Table 1. Composition of proficiency test panel used for EQAP.

Panel preparation

For preparing the PT panel, early passage Madin-Darby canine kidney (MDCK) cells were infected with previously isolated seasonal influenza viruses. The viruses used for infection had a HA titer of 8–16. After infection, the cells were incubated at 37°C for 3 days in 5% CO2 or until the CPE appeared. The culture supernatant was harvested and clarified of cell debris by centrifugation at 10,000 rpm at 4°C. Each virus harvest was antigenically characterized by Haemagglutination assay (HA) and Haemagglutination inhibition assay (HI), as per the protocol described in the WHO manual (16), to determine the HA titer and confirm the subtype of each virus. Once characterized, each virus was heat-inactivated at 50°C for 30 min. The confirmation of complete inactivation was done by three passages of the inactivated virus in MDCK cells. Once confirmed, the viruses were aliquoted in 1 mL aliquots and stored frozen, until shipped, at −80°C. In addition to seasonal influenza viruses, avian influenza A(H9N2) was grown in eggs and gamma irradiated to inactivate the virus (17).

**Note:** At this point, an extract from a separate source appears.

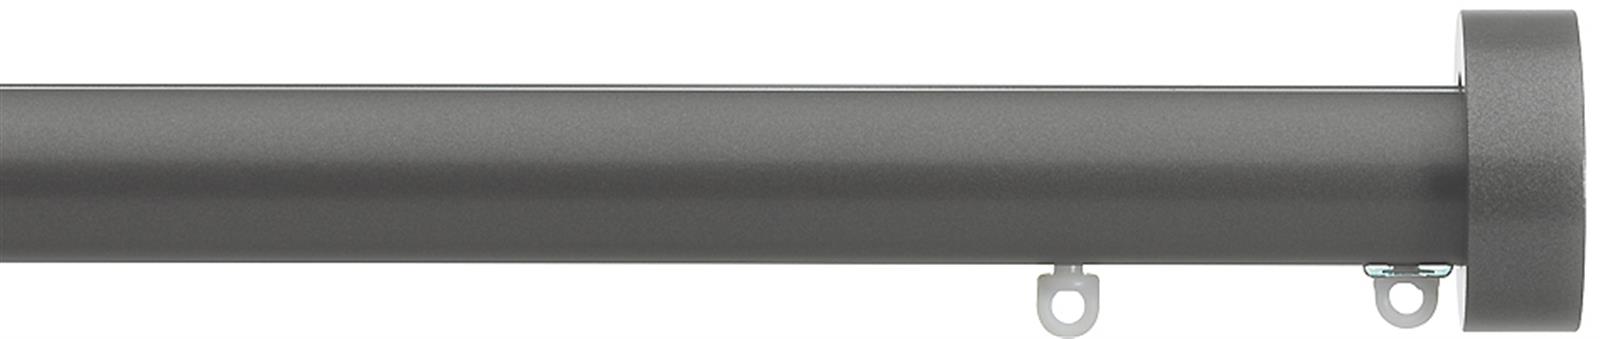 Silent Gliss Metropole 23mm 7600 Gun Metal Design Endcap Finial

The SARS-CoV-2 (Delta variant B.1.617.2) was received as an inactivated virus from the high containment lab at NIV-Pune (personal communication).

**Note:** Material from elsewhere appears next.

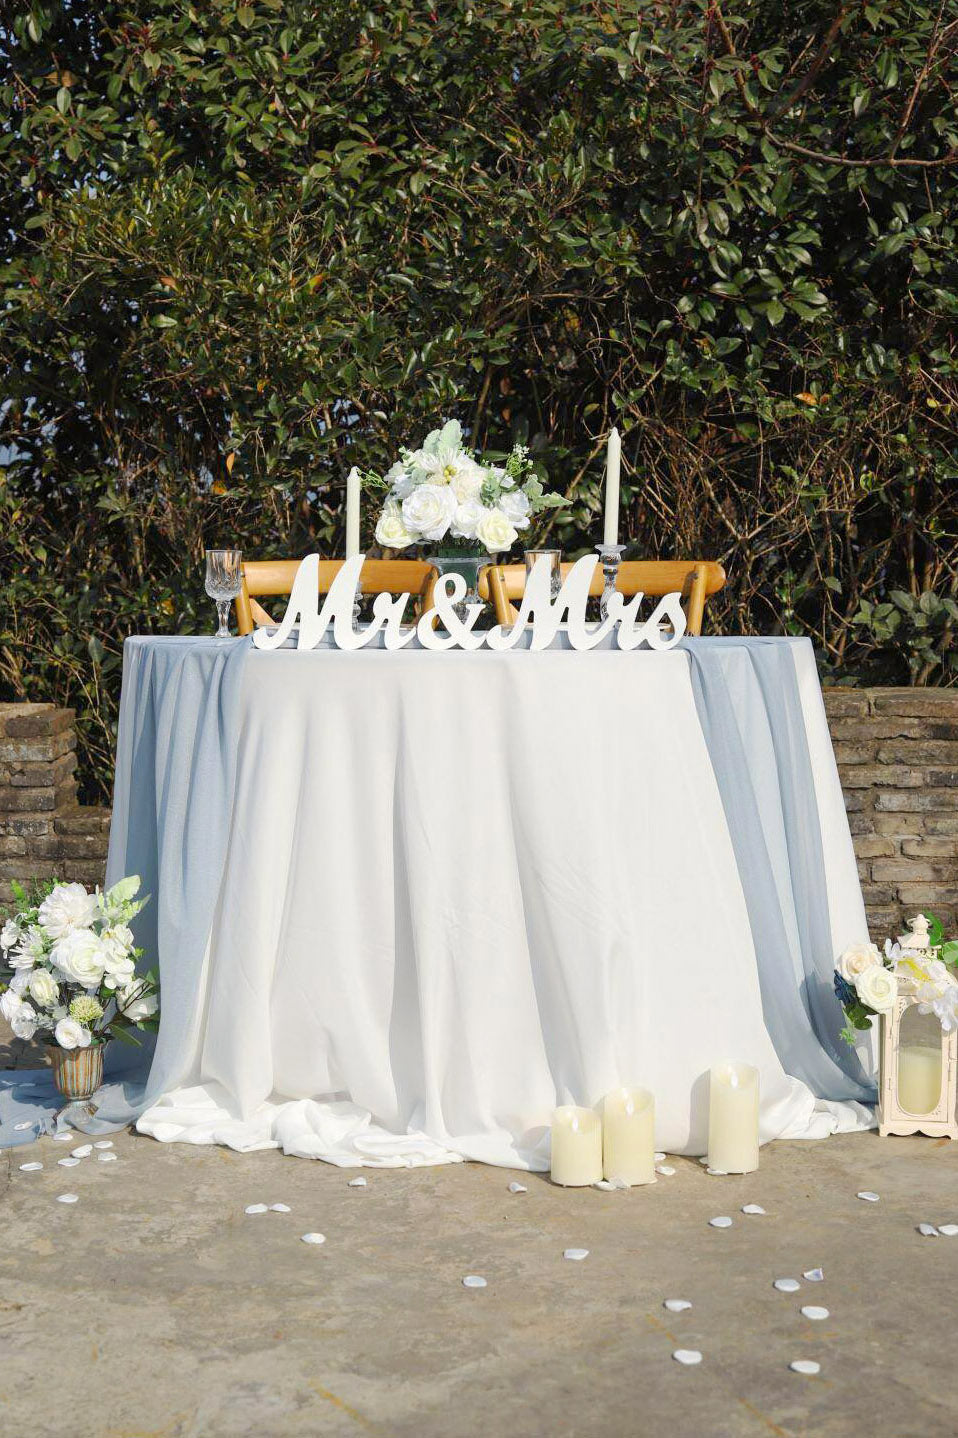 Wedding Reception & Altar Decor, Chiffon Wedding Table Runner 29"w x 10ft- Gray

Result submission and scoring

The key of each combination, based on the results assigned by the apex laboratory ICMR-NIV, was with ICMR-HQ. Each participating laboratory entered results online at the ILI/SARI surveillance portal that is in routine use to capture the surveillance data (10). The ICMR-HQ decoded the results submitted by the laboratories and computed the concordance scores. The scoring was done based only on the results of 10 samples of section one. Each sample was worth a score of 10. For samples no. 1, 2, 4, 6, 8, and 10 (influenza positive), each sample was assessed on two parameters: differentiation of influenza A and influenza B, and identification of subtypes of influenza A or influenza B (each correct reporting fetched a score of 5 each). The sample that had an unusual subtype was to be identified and reported as influenza A un-subtyped. Performance on antiviral susceptibility samples (sample no. 11 and 12) was not considered while computing the scores. These samples were used only to provide feedback on the quality of testing of the laboratory. Each laboratory that scored 90% concordance or more was considered as passing the EQAP.

Results

This was a qualitative EQAP. Semi-quantitative results (Ct value) were used for reference only.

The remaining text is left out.